[Exercise details]:
While you copy the lines below, skip the pictures and keep the rest exact.

[Data provided]:
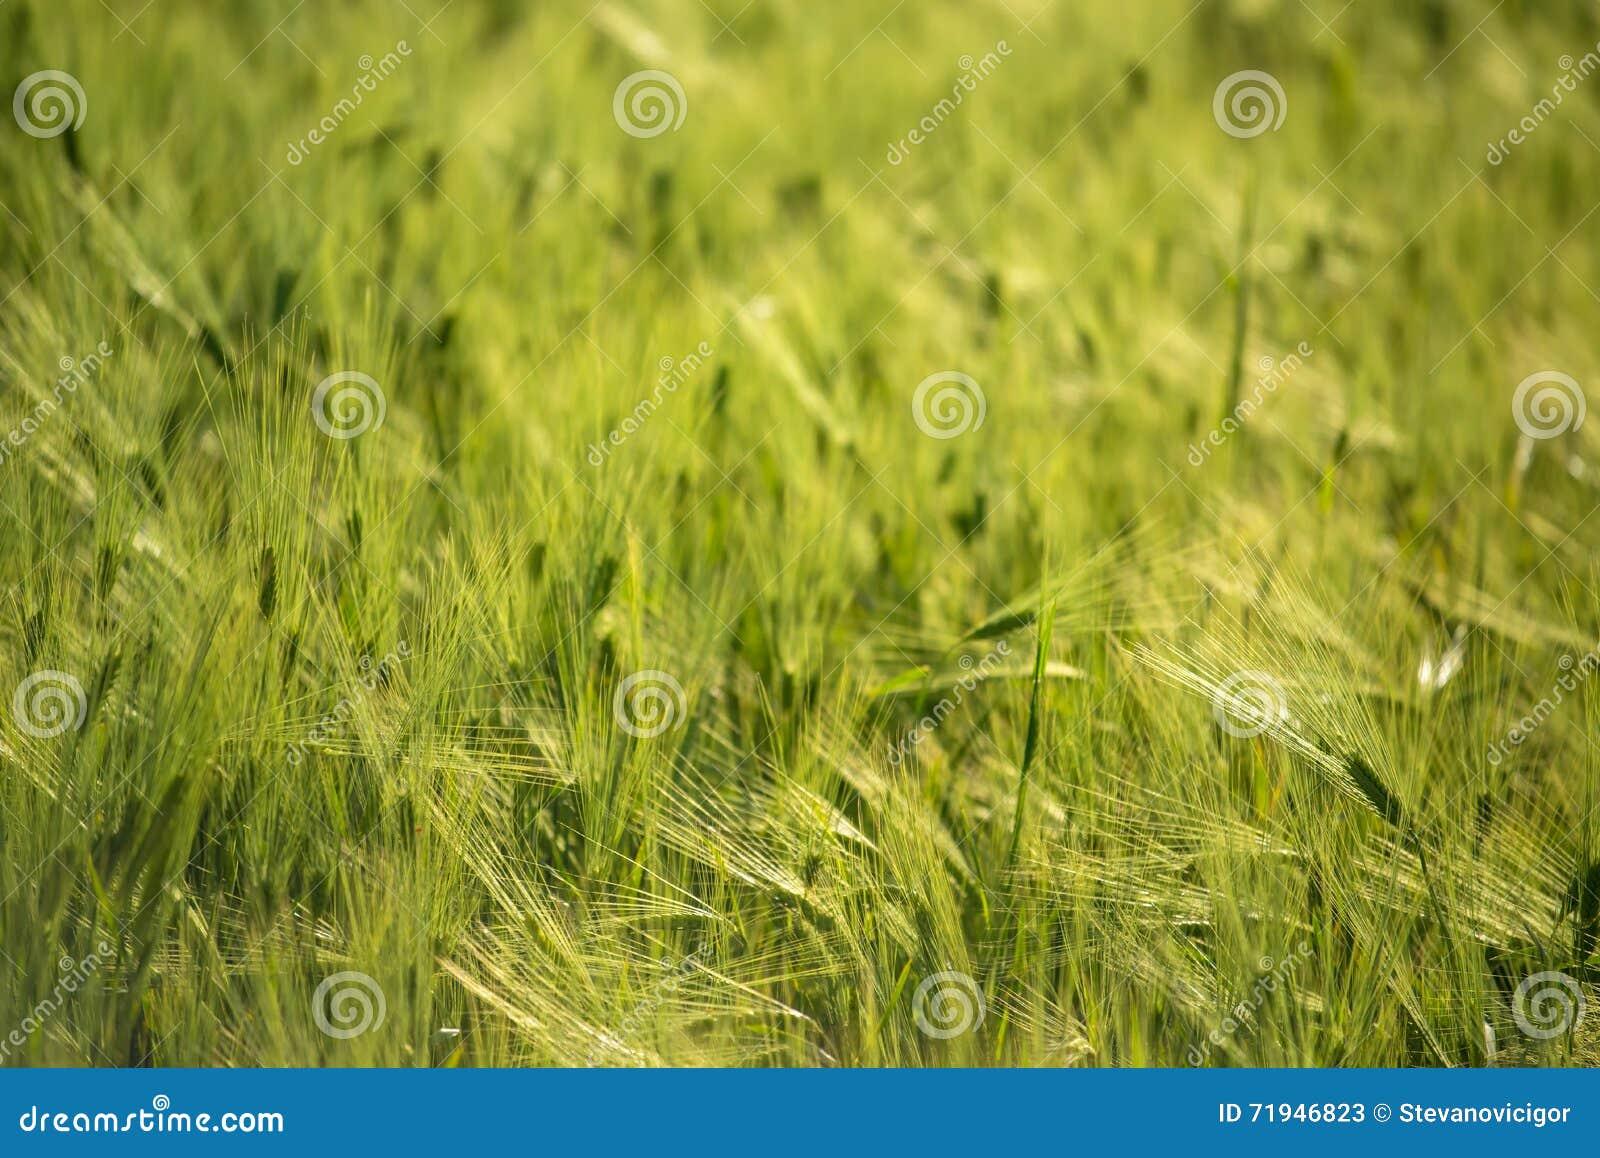 Зеленое поле ячменя
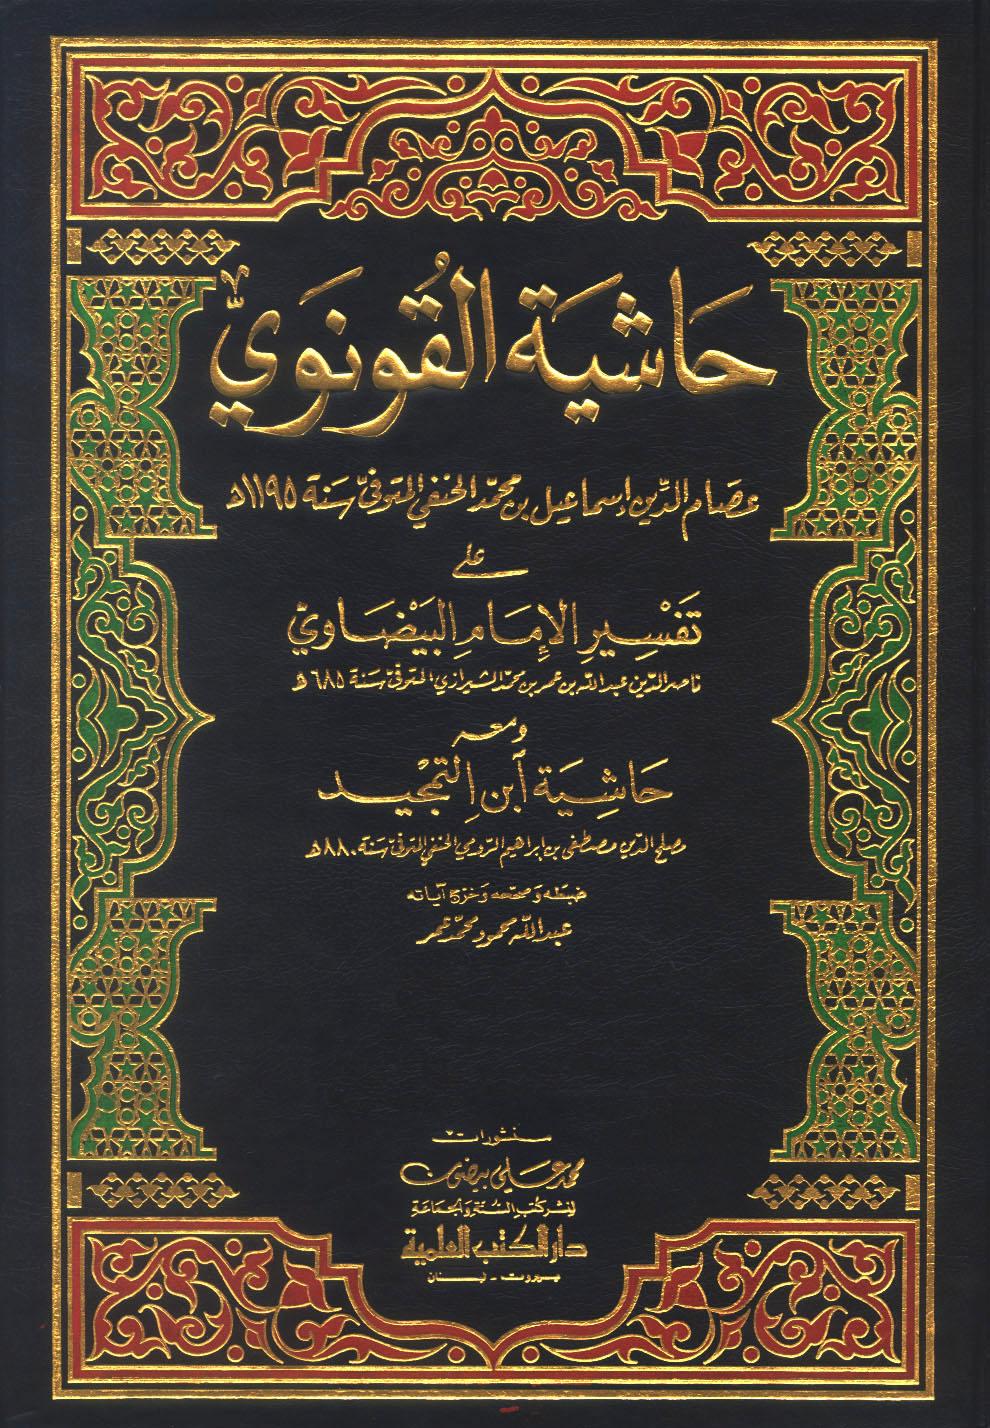 حاشية القونوي على تفسير الإمام البيضاوي - عصام الدين أبو المفدى إسماعيل بن محمد بن مصطفى القونوي الحنفي (ت 1195)
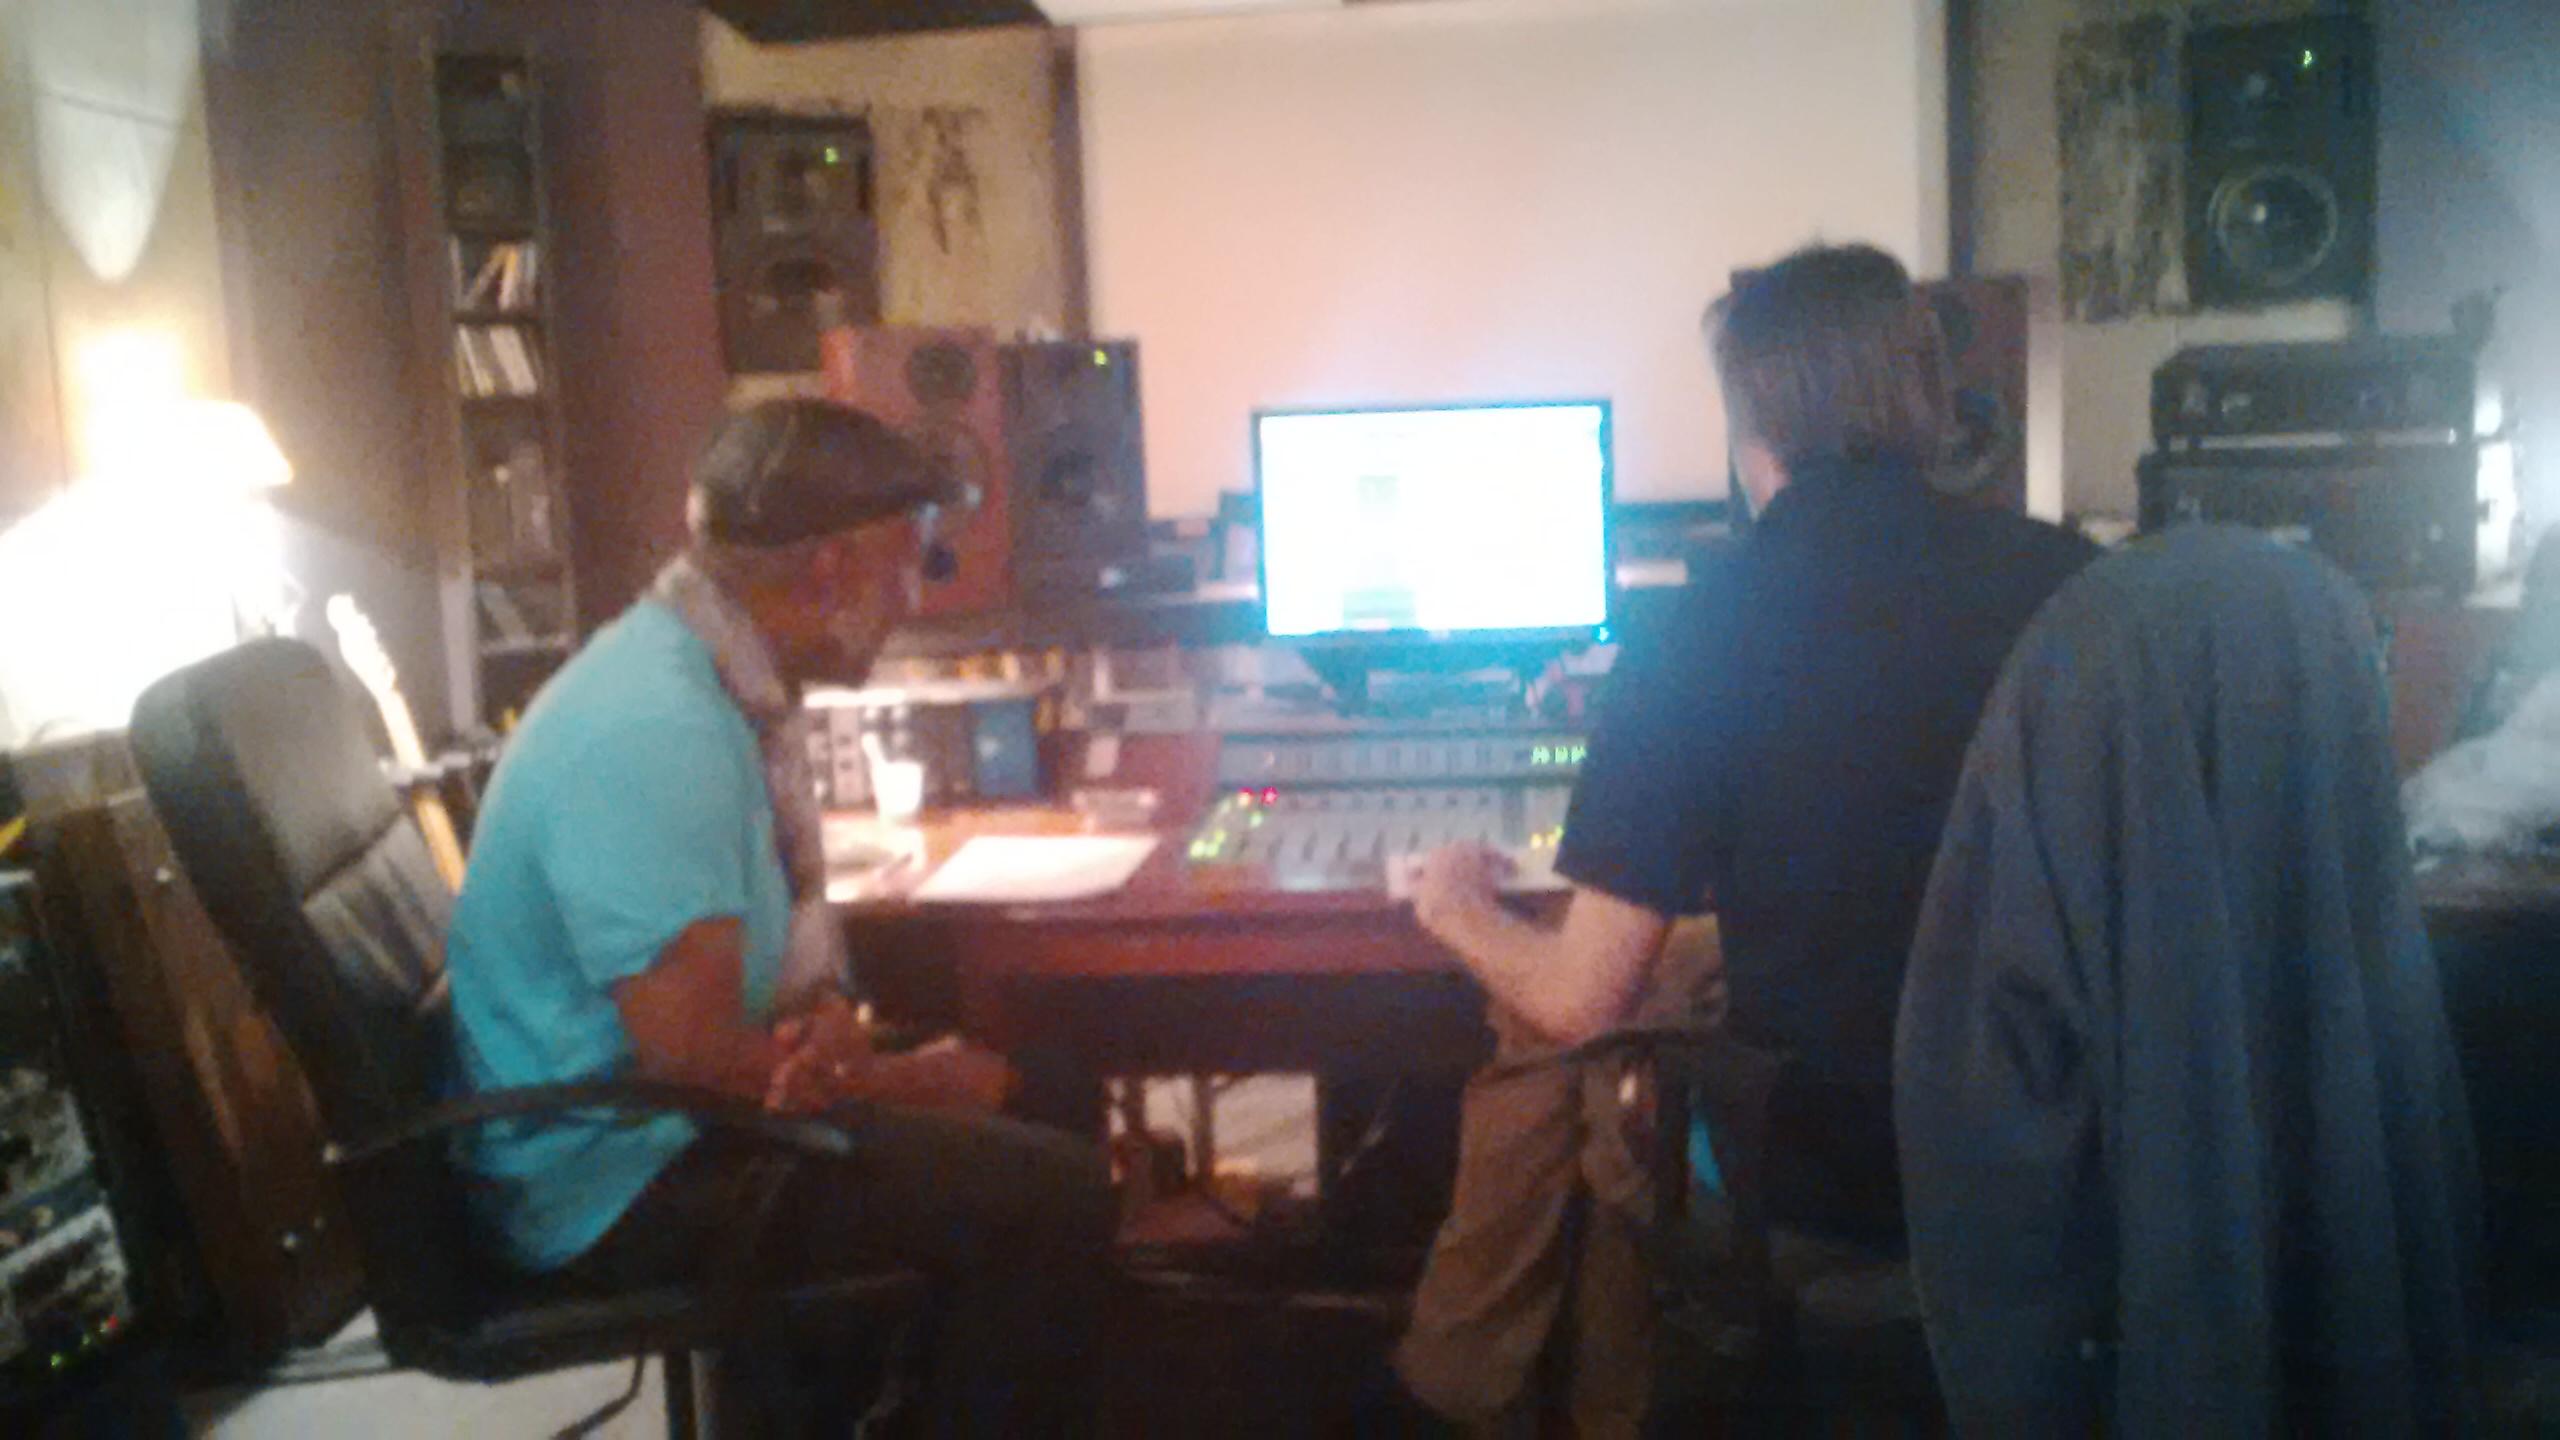 Freddy et Cle?ment, Studio Da vout juillet 2015,  Paris

[Reply]:
 Зеленое поле ячменя
 حاشية القونوي على تفسير الإمام البيضاوي - عصام الدين أبو المفدى إسماعيل بن محمد بن مصطفى القونوي الحنفي (ت 1195)
 Freddy et Cle?ment, Studio Da vout juillet 2015,  Paris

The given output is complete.